Do people who lean toward a party have similar attitudes as partisans of that party?

The next question to evaluate is whether leaners and partisans of the same political party hold similar attitudes, including in their views of political parties, democracy, the state of their nation’s economy and more.

In the U.S., independents who lean toward a party generally have similar views as those who directly affiliate with the same party, though leaners are less emphatic in their support for that party. For example, 54% of Democratic leaners have a favorable view of the Democratic Party, compared with 84% of those who identify as Democrats. Similarly, 59% of Republican leaners have a favorable view of the Republican Party, compared with 87% of those who identify as Republican.

Some of these patterns are evident among leaners and partisans in the other countries surveyed. In most places, leaners tend to have less positive views of the party they back than partisans do. In Canada, 45% of Liberal Party leaners have a positive view of the Liberal Party, compared with 82% of Liberal partisans. The same is true when it comes to views of Canada’s New Democratic Party (NDP) among both NDP leaners (76% favorable) and NDP partisans (92%), as well as views of the Conservative Party among Conservative leaners (68% favorable) and Conservative partisans (83%).

As in the U.S., leaners internationally often have less negative views of other parties than partisans do. Most often, this is the case when it comes to evaluations of the party in power. For example, in Canada, Conservative leaners are about twice as likely as Conservative partisans (31% vs. 16%) to have a favorable view of the ruling Liberal Party.

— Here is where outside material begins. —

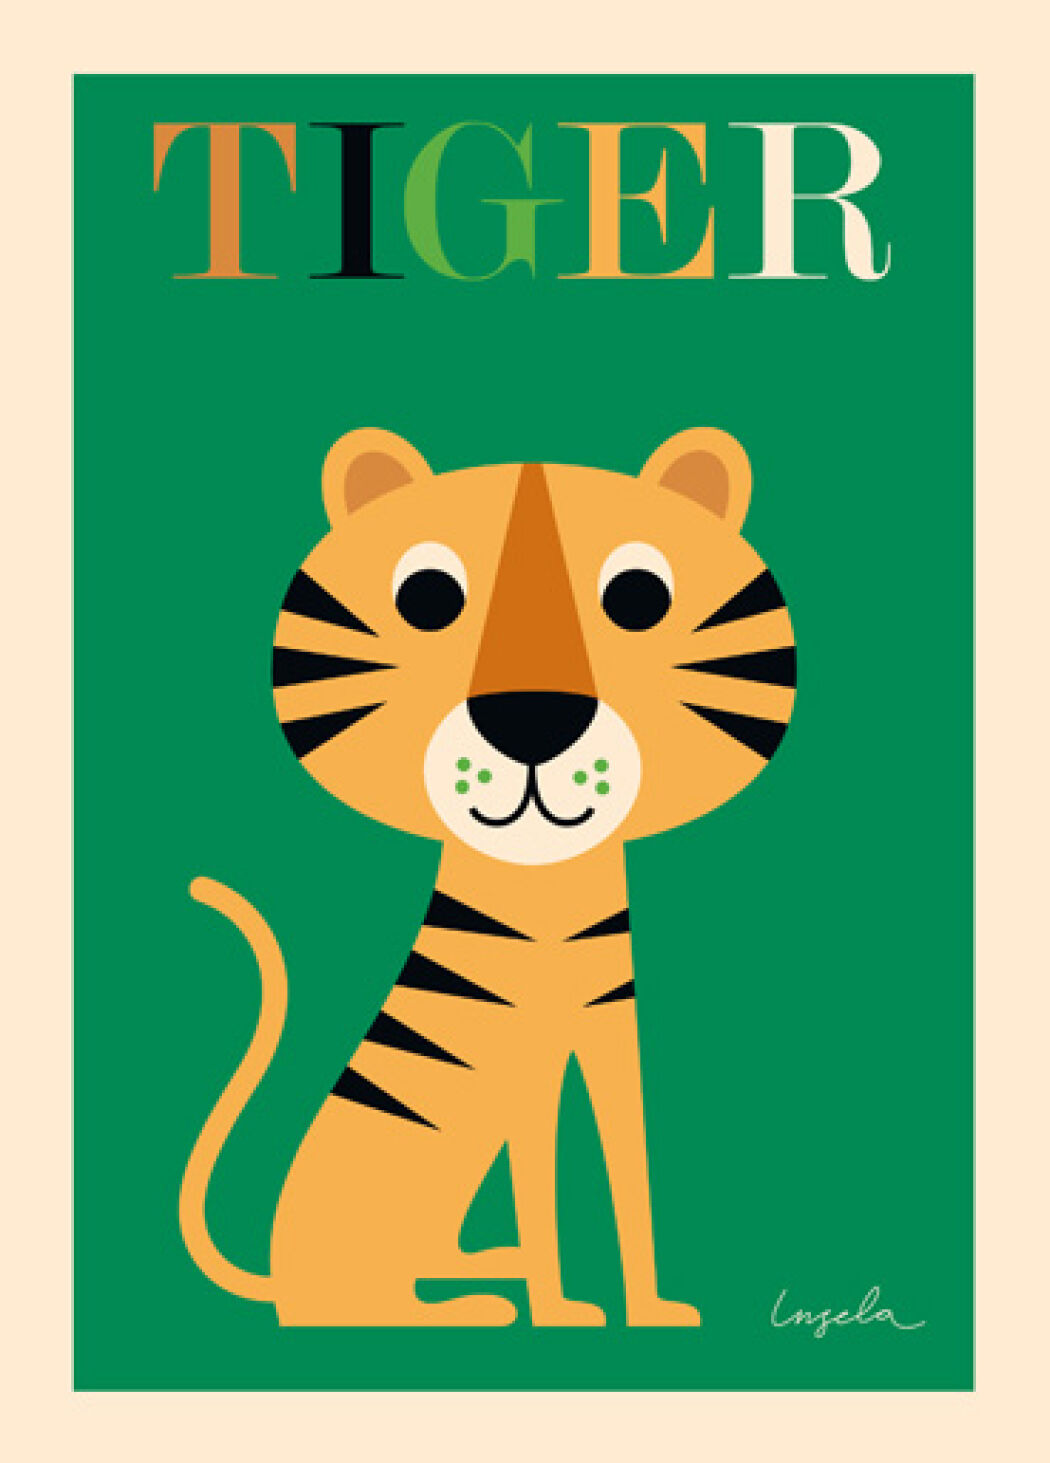 Nostalgic Tiger poster, Illustration and graphic design by Ingela P Arrhenius
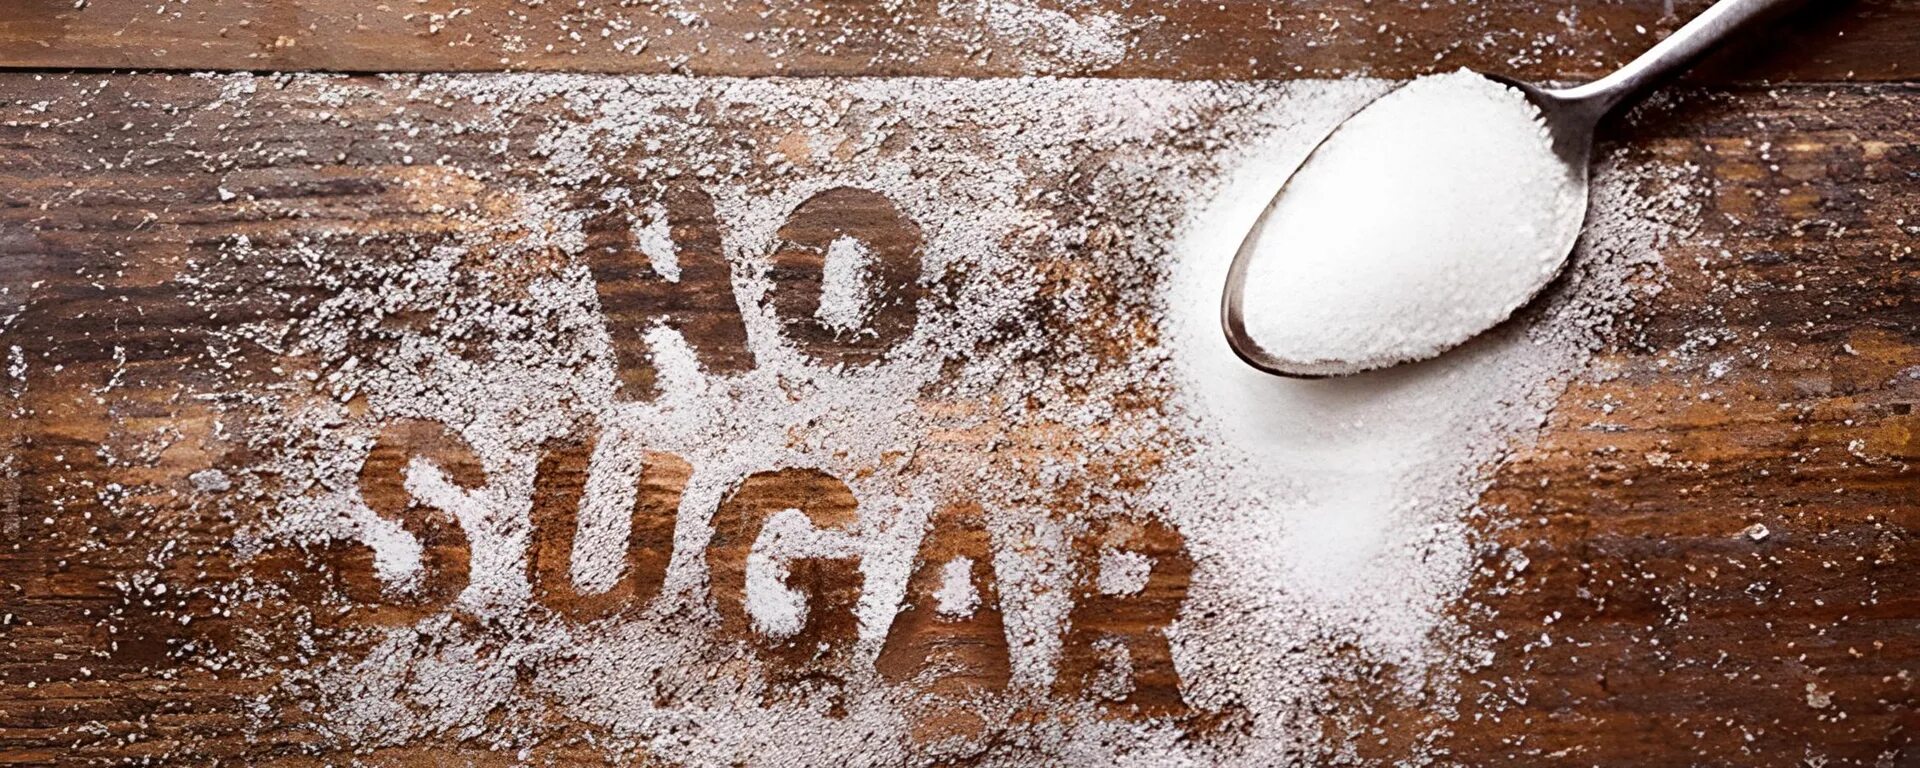 6 месяцев без сахара. Обои no Sugar. No Sugar Challenge. Сахар фон. Без сахара.

Leaners and partisans also differ in their satisfaction with democracy and their views of whether their nation’s economy is in good shape. In the UK, Conservative Party leaners are less likely than Conservative partisans to say they are satisfied with democracy in their country (50% vs. 74%) and that the British economy is in good shape (26% vs. 45%). This is particularly the case when it comes to leaners and partisans who favor the governing party. In a few countries, given the political nature of opinions about the state of democracy and the economy, opposition party leaners can be more positive about things than their partisan counterparts are. Take the example of the UK again: 41% of Labour Party leaners say the economy is in good shape while only 25% of Labour partisans say the same.

How would including leaners in our analyses change our findings?

One of the main ways we use data on political party affiliation is to look at how attitudes on issues vary among supporters of different parties. For example, we might want to know whether people who support different political parties differ in how much they trust their government to do what is right for the country. Now, because of the new cross-national leaner question we included in 2022, we can consider analyzing the leaners with the partisans. This would potentially give us more statistical power to detect cross-party differences, because of the larger sample sizes, but also might change some of the substantive findings, given that leaners and partisans have some notable demographic and attitudinal differences, as noted above. So, how would including leaners affect our findings?

Results indicate that views of key issues – including evaluations of the economy, democracy, the government’s handling of COVID-19 and the importance of voting – do not change significantly when leaners are added to partisans of the same party. For example, 74% of Social Democratic Party (SPD) leaners and SPD partisans in Germany are satisfied with democracy in their country, compared with 75% of SPD partisans alone. Among those who back Alliance 90/The Greens in Germany, 86% of leaners and partisans are satisfied with democracy, as are 86% of partisans alone.

Likewise, in Canada, 90% of Liberal partisans and leaners believe voting is very important for being a good member of society, while the same share of Liberal partisans alone hold this view. And 85% of Conservative leaners and partisans in Canada believe voting is very important, compared with 86% of Conservative partisans on their own.

Conclusion

Ultimately, this investigation shows there is some value to including a question about party leaning in our international surveys. It generates more people for analysis in some countries, thus allowing for greater power in statistical tests. And leaners resemble partisans in some important ways. Plus, in the U.S., Pew Research Center’s standard for analysis in most cases is to show results for “leaned party” (partisans and leaners together), so including this question may allow us to harmonize that approach cross-nationally.

But adding the question is not without cost on a crowded survey. And in some countries, the additional sample size generated by the follow-up question does not meaningfully affect our ability to report on specific political parties. All told, we’ll need to weigh these competing factors when deciding whether to include the leaner question on future cross-national surveys.

The post Identifying partisan ‘leaners’ in cross-national surveys appeared first on Decoded.

How we review code at Pew Research Center

Janakee Chavda — Wed, 05 Apr 2023 15:59:13 +0000

Pew Research Center illustration

At Pew Research Center, we work hard to ensure the accuracy of our data. A few years ago, one of our survey researchers described in detail the process we use to check the claims in our publications. We internally refer to this process as a “number check” – although it involves far more than simply checking the numbers.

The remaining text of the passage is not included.